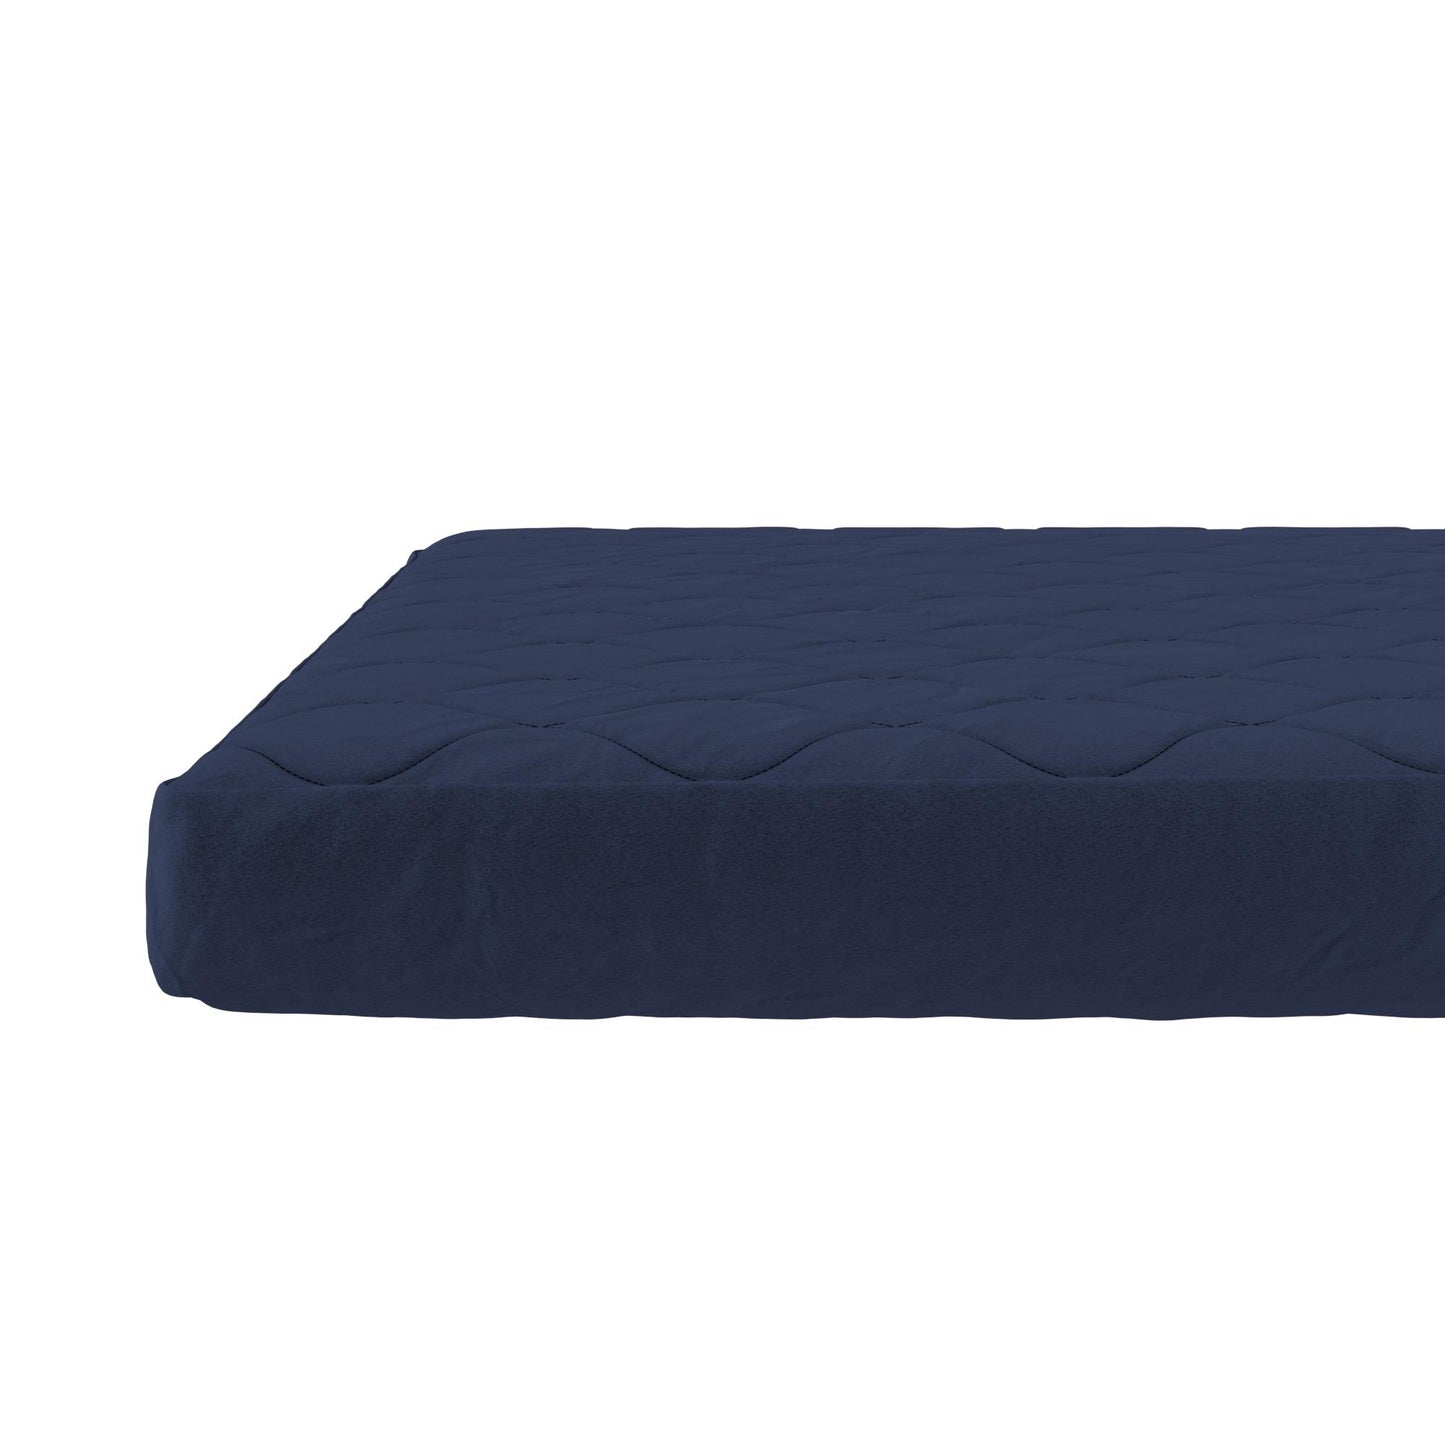 Dana 6 Inch Quilted Mattress with Removable Cover and Thermobonded Polyester Fill - Blue - Twin
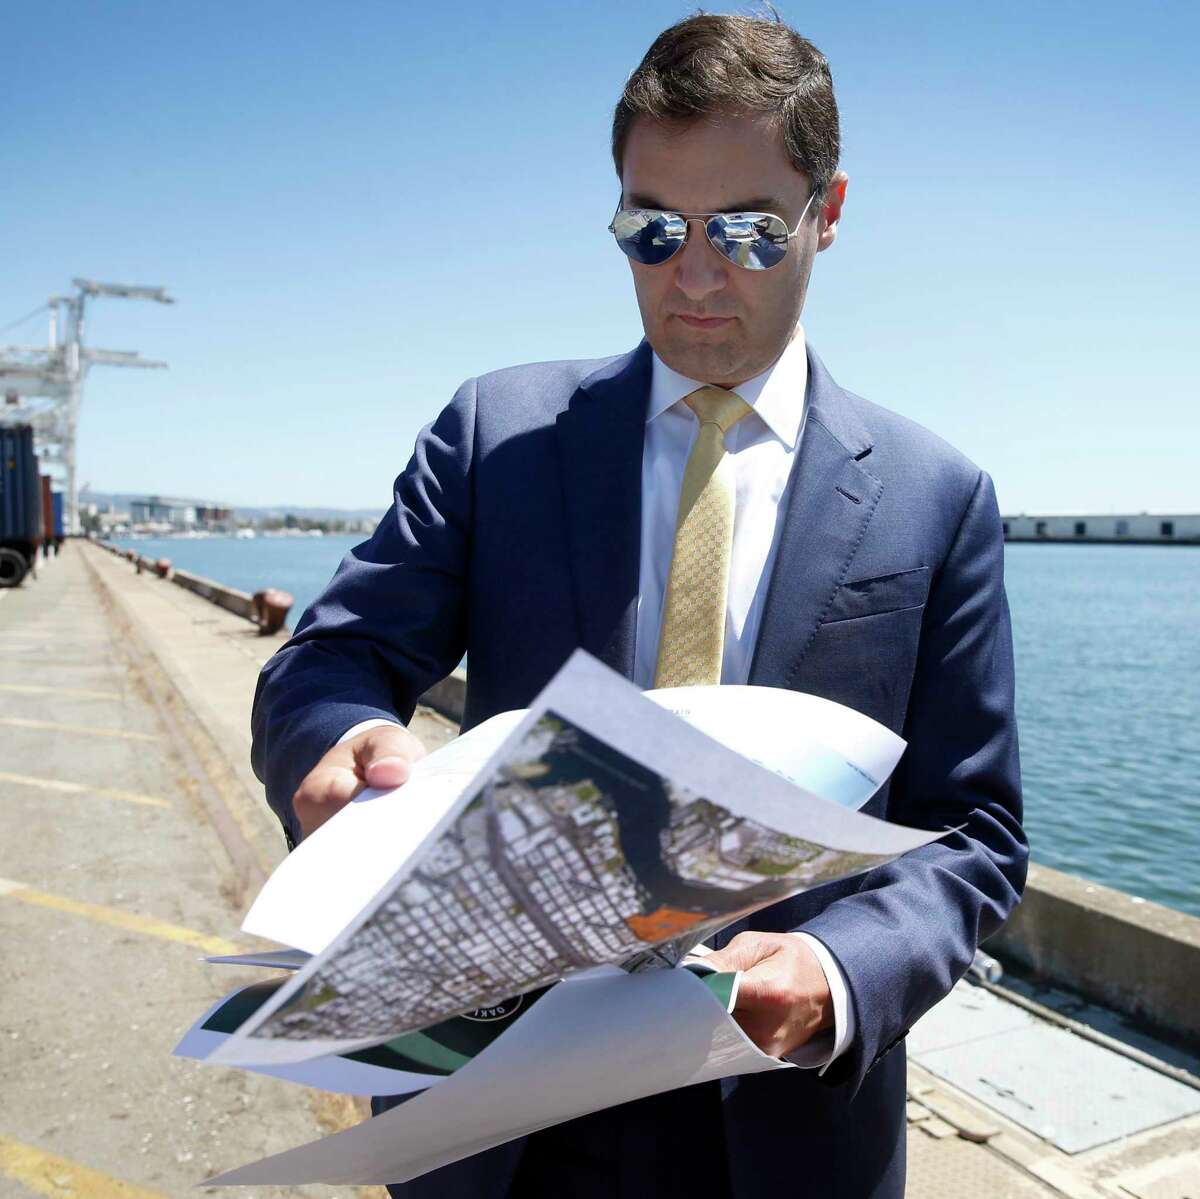 Oakland A's President Dave Kaval flips through renderings of the development plan while leading a private tour of the Howard Terminal site in Oakland, Calif. on Tuesday, Sept. 3, 2019 where the baseball team is hoping to build its new stadium.
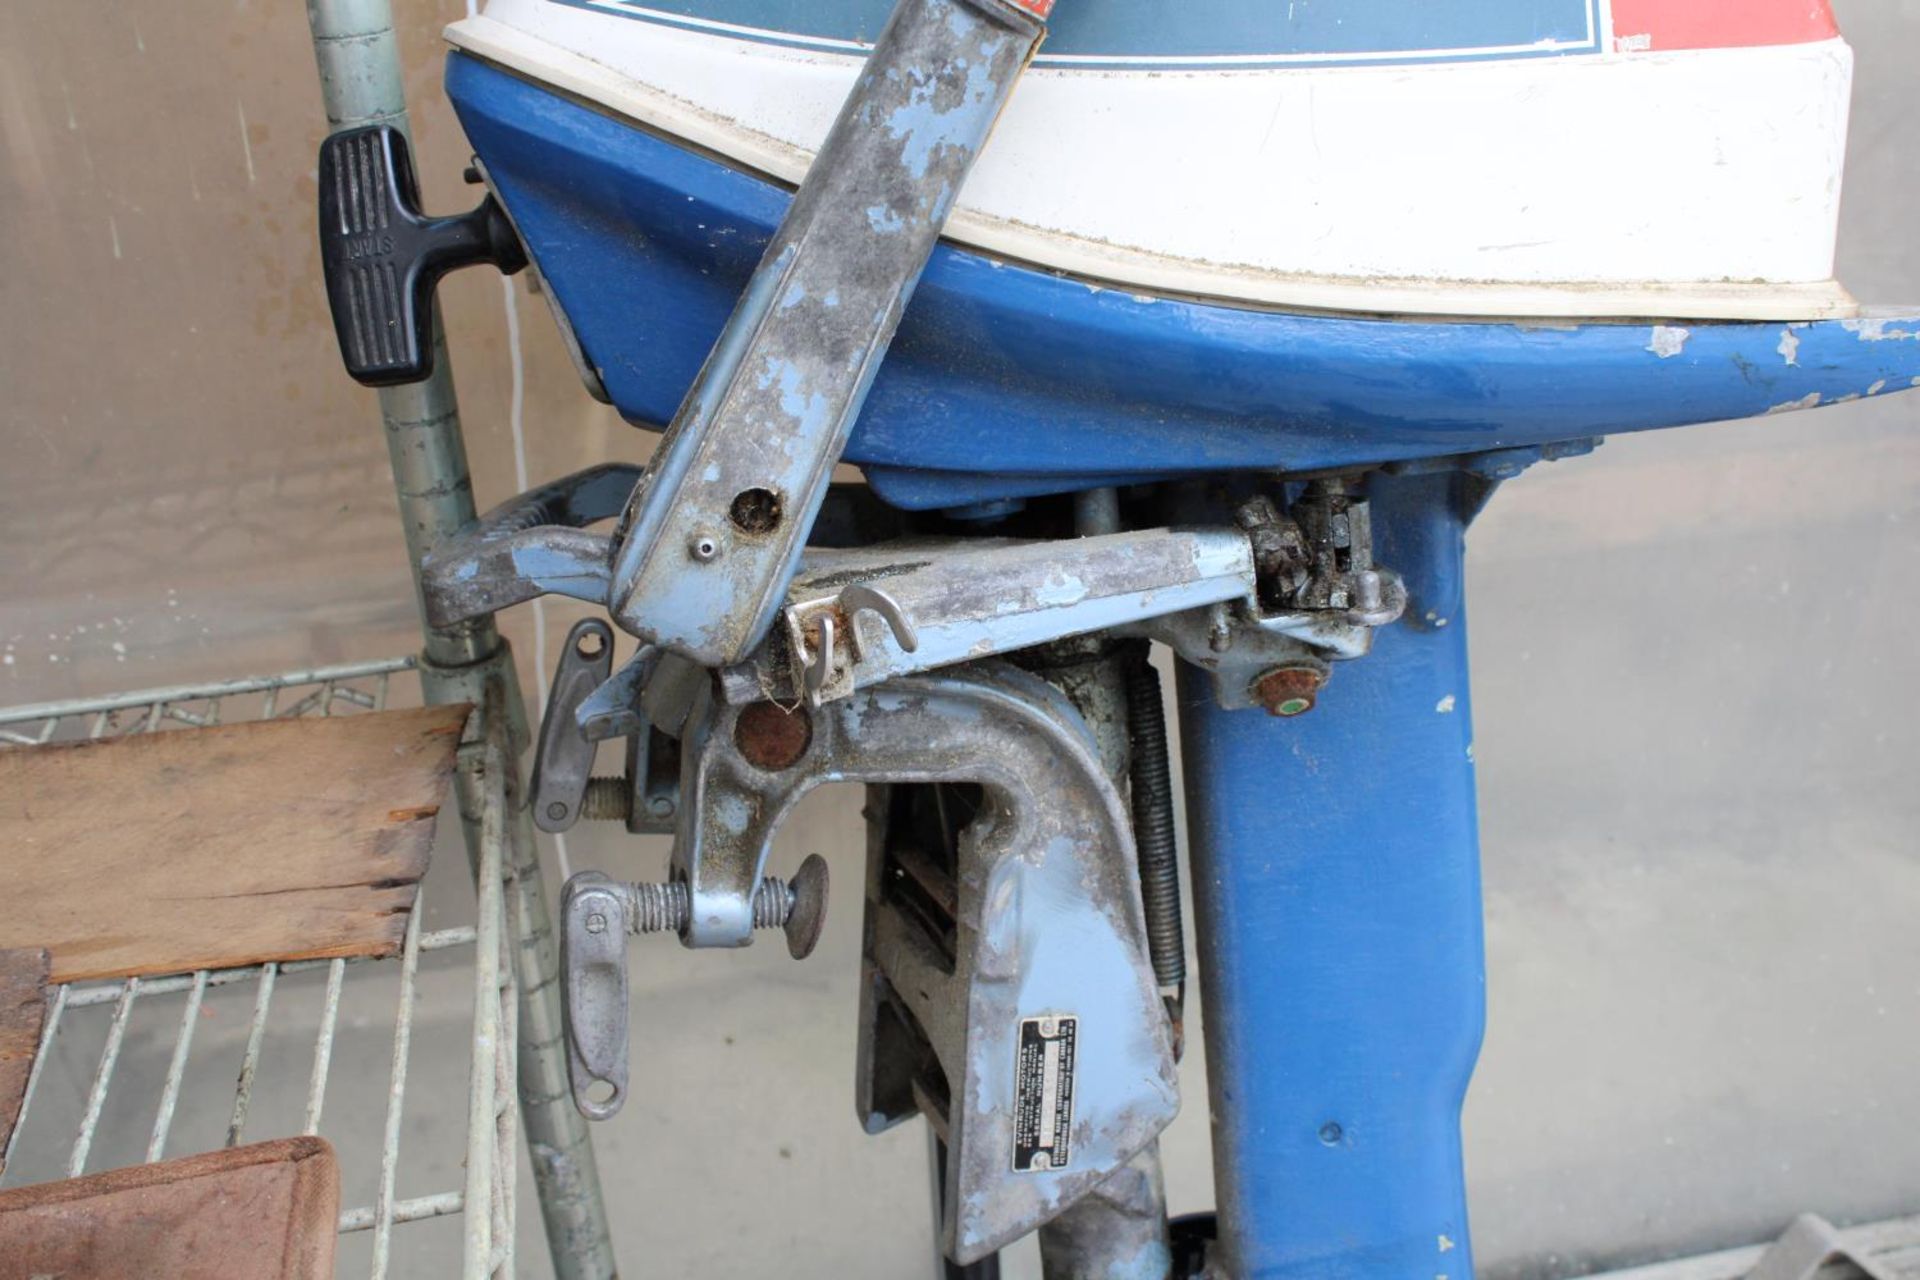 A FISHERMAN EVINRUDE OUTBOARD MOTOR - Image 3 of 4

What you will do:
Your answer must be the full listing, reproduced word for word, without its pictures.

The answer:
 Dana 6 Inch Quilted Mattress with Removable Cover and Thermobonded Polyester Fill - Blue - Twin
 Oakland A's President Dave Kaval flips through renderings of the development plan while leading a private tour of the Howard Terminal site in Oakland, Calif. on Tuesday, Sept. 3, 2019 where the baseball team is hoping to build its new stadium.
 A FISHERMAN EVINRUDE OUTBOARD MOTOR - Image 3 of 4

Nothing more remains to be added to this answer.